OCaml standard lib provides a random integer genertor:

```
val int : int -> int
Random.int bound returns a random integer between 0 (inclusive) and bound (exclusive). bound must be greater than 0 and less than 230.
```

Let's have a look what it looks like:

```
let _ = random_plot ~filename:"random_plot_int.jpg" ~ran_f:Random.int ~w:1024 ~h:1024 ~n:5
```

Is it satisfying? Well, I guess so.

## Result - ran_gen_via_time

Let's try it on the `ran_gen_via_time`

generator we invented before:

```
let decimal_only f = f -. (floor f)
let ran_via_time bound =
((Unix.gettimeofday() |> decimal_only) *. 100,000,000. |> int_of_float) mod bound
let _ = random_plot ~filename:"random_plot_time.jpg" ~ran_f:ran_via_time ~w:1024 ~h:1024 ~n:5
```

Is it satisfying? Sure not.

Apparently, there are quite some patterns on images. Can you identify them?

For example,

One pattern is the diagonal lines there (parrallel to the red lines I've added).

# Only quick and fun

Of course, visualisation of randomness is nowhere near accurately assess the quality of random geneators. It is just a fun way to feel its randomness.

I hope you enjoy it.

# JPG vs PNG

Pointed by Ono-Sendai on hacker news, it might be better to use `png`

rather than `jpg`

.

I've tried and the results for the bad `ran_gen_via_time`

are like:

## JPG

## PNG

Seems not that different from my eyes. But anyway it was a good point.

https://github.com/MassD/typeocaml_code/blob/master/visualise_randomness/plot_random.ml has been updated for `png`

support. **Please remember to install libpng-devel for your OS for png saving support**.

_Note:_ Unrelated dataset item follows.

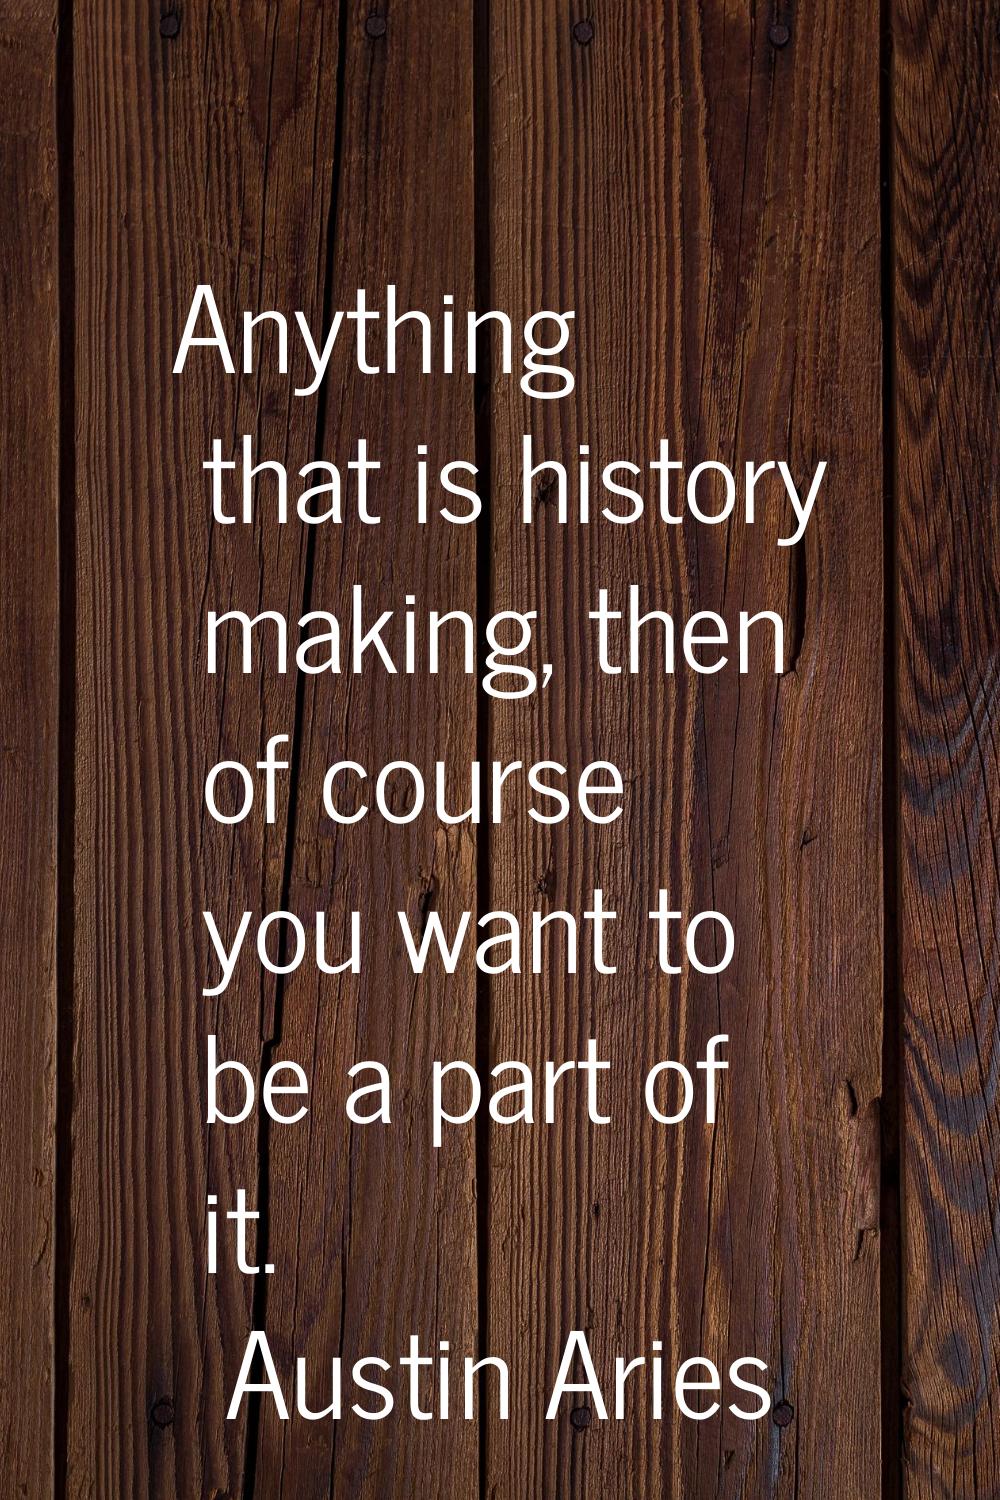 Anything that is history making, then of course you want to be a part of it.

# Fortuna random generator from nocrypto

@h4nnes has suggested me to try the *fortuna generator* from nocrypto.

```
opam install nocrypto
```

and

```
let _ = Nocrypto_entropy_unix.initialize()
let _ = random_plot ~filename:"random_plot_fortuna" ~ran_f:Nocrypto.Rng.Int.gen ~w:1024 ~h:1024 ~n:5
```

and we get

It is a very nice generator, isn't it?